I got permission to stay for a couple of months to help take care of parents. I was in my thirties at the time.
But it was very funny to live in a community where nobody was under 55. I started making jokes to people back in New Zealand, where I had already moved at the time. I'd say things like, "I think they're putting embalming fluid in the water here." It was such a perfectly manicured place and it was so perfect in so many ways that I just wanted to go out and scream!
So I got a lot of ideas during my time at Sun City. Over the years, other ideas came. I needed a cartoonist, because a book like this depends heavily on the art.

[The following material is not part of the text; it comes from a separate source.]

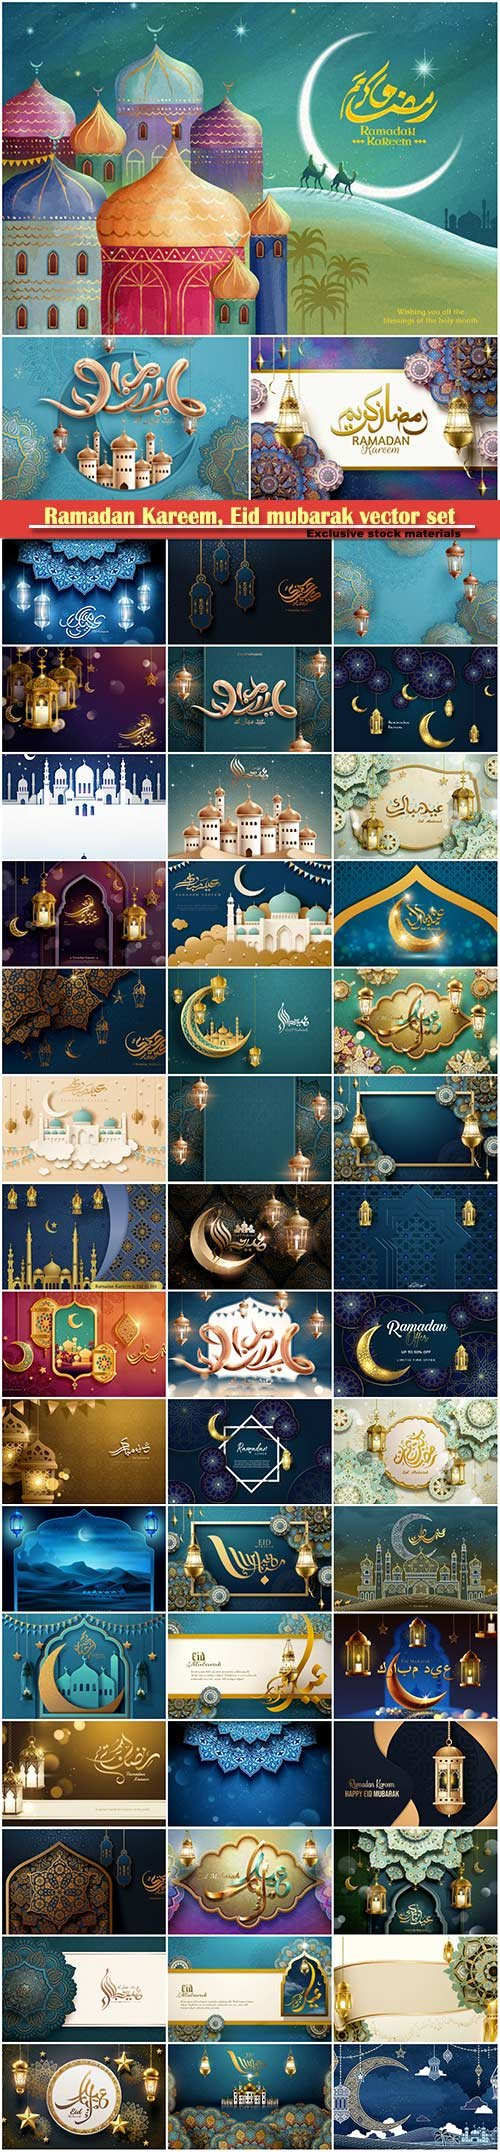 Ramadan Kareem, Eid mubarak vector set # 3

I found a great guy named Malcolm Walker who lived right in Auckland! And it seems like I found a publisher just as easily.
BH: Tell us a little about yourself, so we know who is behind the humor!
BF: I grew up in southern California. I've been a writer and a journalist for many, many years. I worked for surfing magazines in southern California and I still write for them. I came to New Zealand in 1974 with an old friend and loved it so much that I stayed. Now that my parents have passed away, my whole family is right here, my wife, my children and my granddaughter.
I'll be 59 in a few weeks. I wrote the first book before I was 50, but even then I could see the writing on the wall. I was working for an advertising agency and I was beginning to see a trend: anybody who got to be 50 suddenly lost their job. It was an unspoken thing, but it was well-known to be a practice. People thought that when a person got to be 50 his mind would turn off.
BH: How many Senior Citizens' Survival Guides have you written? It looks as if there are at least two in print.
BF: The first one was released in 1989 in New Zealand, Australia and the UK. The second one was printed in 1997. The English distributor in Scotland wanted a revised edition. They wanted more cartoons, references to Reagan changed to Clinton, more material, that kind of thing.
BH: How did the book do when it was first published back in 1989?
BF: It sold like crazy in New Zealand. We had 15, 000 copies printed and they sold out in 6 days. And the reason it did so well was that I sent a copy to New Zealand's most well-known media person, Paul Holmes. He has a radio show in the morning here. He started reading from the book on his radio show. It's a humorous look at getting old from the standpoint of: "Why take any nonsense from the youth-oriented culture? Fight back!"
BH: What kind of feedback have you gotten from readers?
BF: I've had a lot of letters forwarded to me by the publisher. Almost all are positive. One woman said she'd given it to her father who was in his 80s and the only thing she was worried about was that he would die laughing! Most people think it's great. I thought the book was going to sell to people as a joke - a humorous gift for a 50th birthday, for example, but the main readership is people 55 and older. One of the things I had problems with was my own age when the book first came out. Somebody said: "How would you know, you're too young to understand" but I remembered an old quote-I said, "50 is the old age of youth and the youth of old age."
BH: What do you hope the reader takes away from the book? Any kind of lesson or just a laugh?
BF: Laughter and enjoyment. There are some poignant points in it. Some thought provoking statements, but for the most part the book concentrates on laughing and getting on with life.